Question

For each month of a given year except December, a worker earned the same monthly salary and donated one-tenth of that salary to charity. In December, the worker earned N times his usual monthly salary and donated one-fifth of his earnings to charity.

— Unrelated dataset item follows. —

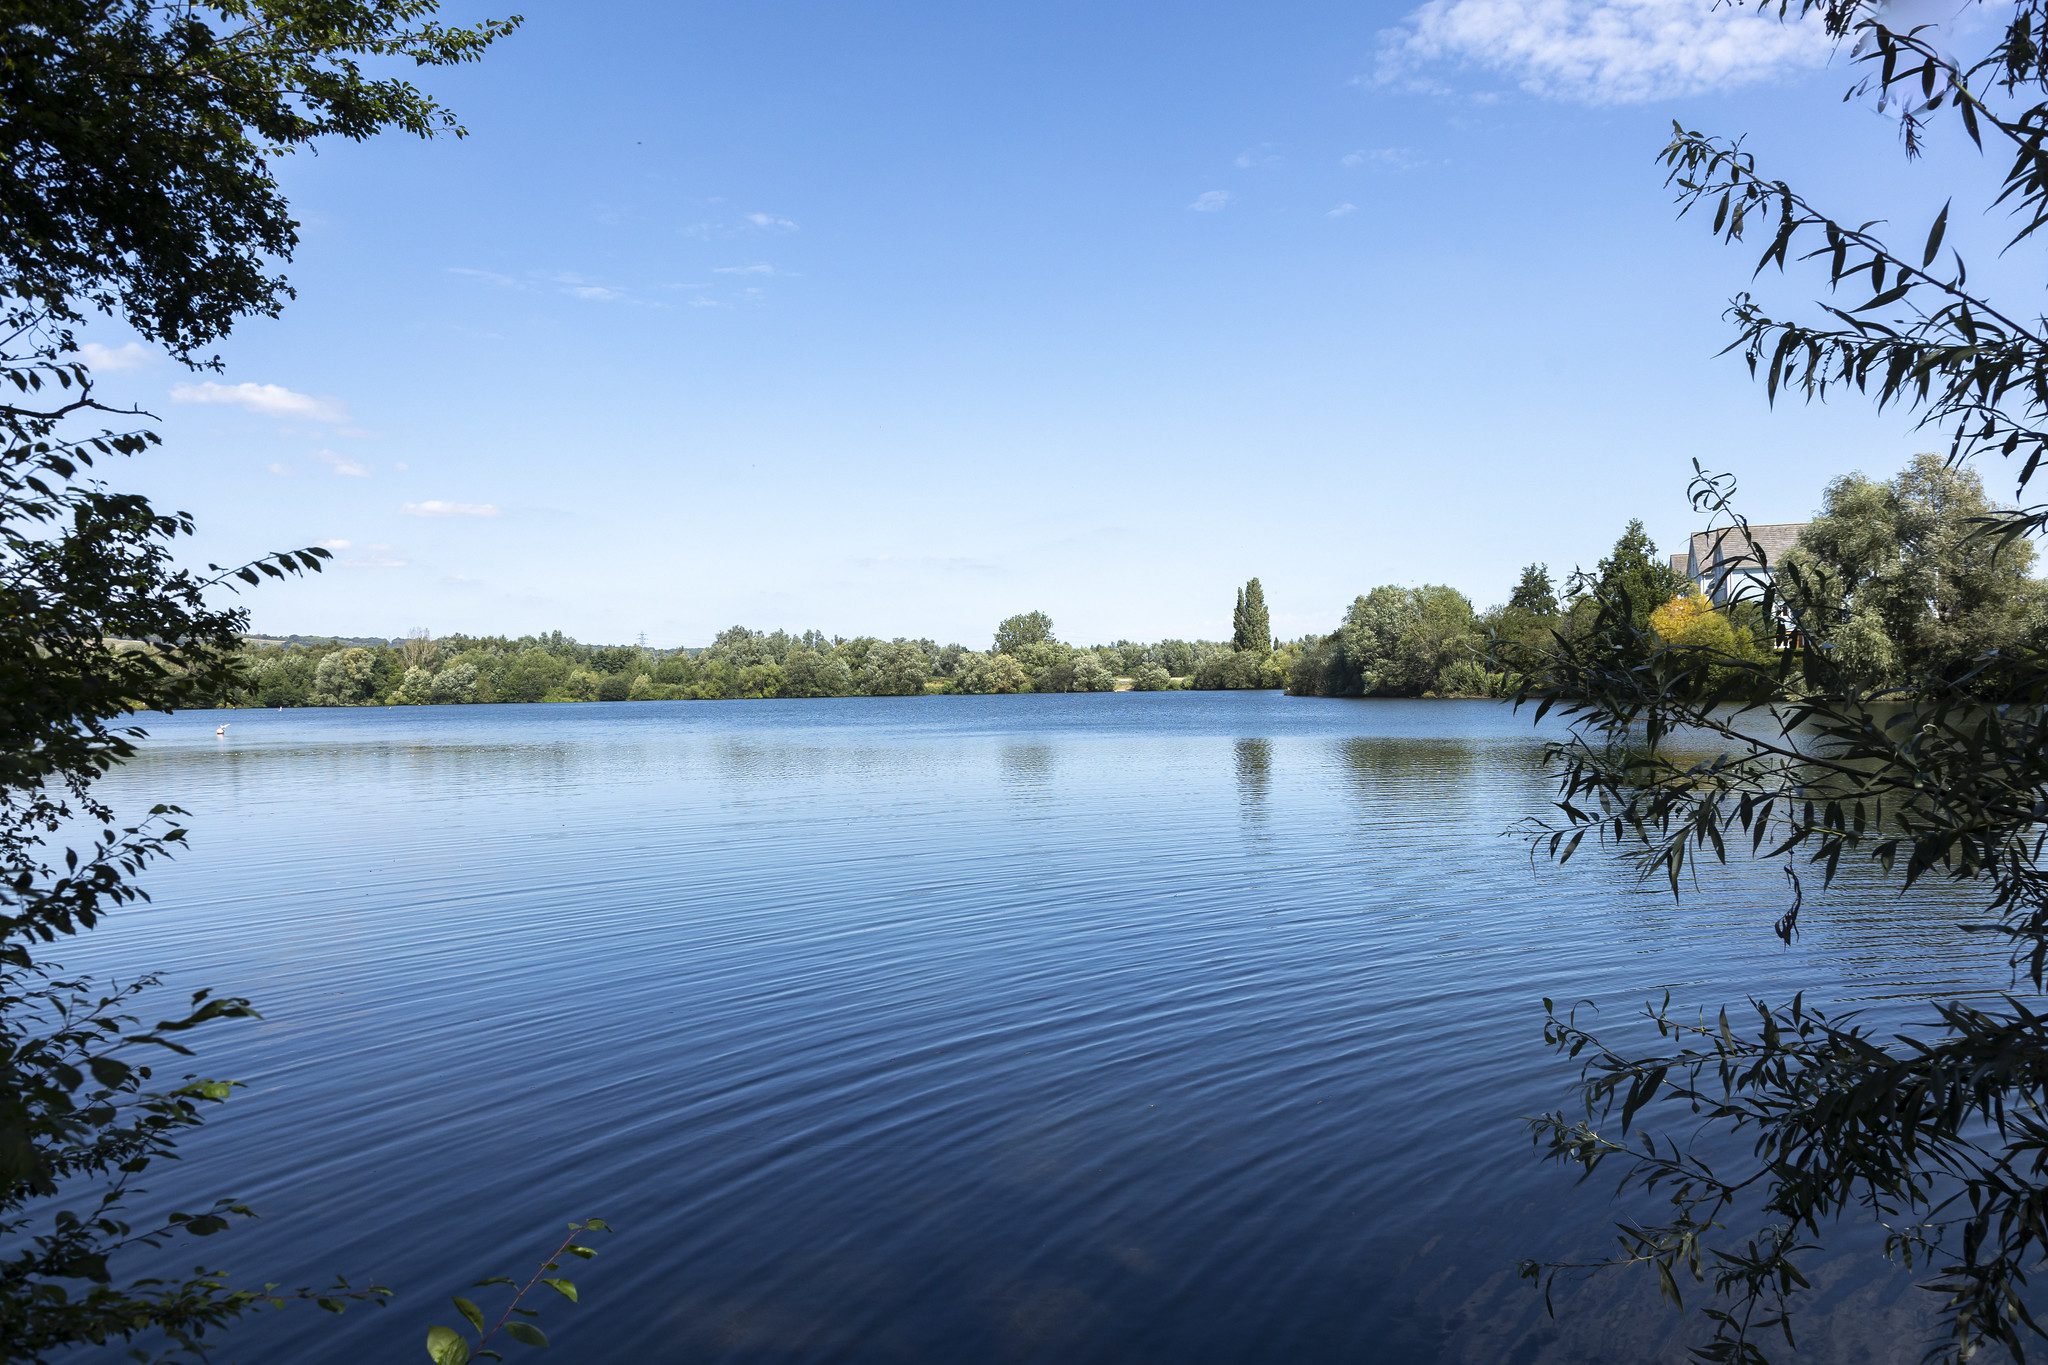 View across vivid blue waters of Leybourne Lakes

If the worker's charitable contributions totaled one-eighth of his earnings for the entire year, what is the value of N?
A) 8/5

B) 5/2

C) 3

D) 11/3

E) 4

Answer 1

Answer:

D) 11/3

Step-by-step explanation:

Let x represent monthly salary.

We have been given that for each month of a given year except December, a worker earned the same monthly salary and donated one-tenth of that salary to charity.        

Salary earned in 11 months would be $11x$.

Money donated in 11 months would be $\frac{11x}{10}$.

Further we are told that in December, the worker earned N times his usual monthly salary and donated one-fifth of his earnings to charity.

Salary for December would be $Nx$.

Money donated in December would be $\frac{Nx}{5}$.  

The worker's charitable contributions totaled one-eighth of his earnings for the entire year that is $\frac{1}{8}\cdot (11x+Nx)$.

$\frac{11x}{10}+\frac{Nx}{5}=\frac{1}{8}\cdot (11x+Nx)$

Dividing whole equation by x, we will get:

$\frac{11x}{10x}+\frac{Nx}{5x}=\frac{1}{8x}\cdot x(11+N)$                

$\frac{11}{10}+\frac{N}{5}=\frac{1}{8}\cdot (11+N)$

$\frac{11}{10}+\frac{N}{5}=\frac{11}{8}+\frac{N}{8}$

Combine like terms:

$\frac{N}{5}-\frac{N}{8}=\frac{11}{8}-\frac{11}{10}$

$\frac{N}{5}*40-\frac{N}{8}*40=\frac{11}{8}*40-\frac{11}{10}*40$

$8N-5N=11*5-11*4$

$3N=55-44$

$3N=11$

$\frac{3N}{3}=\frac{11}{3}\\\\N=\frac{11}{3}$

Therefore, the value of N is 11/3 and option D is the correct choice.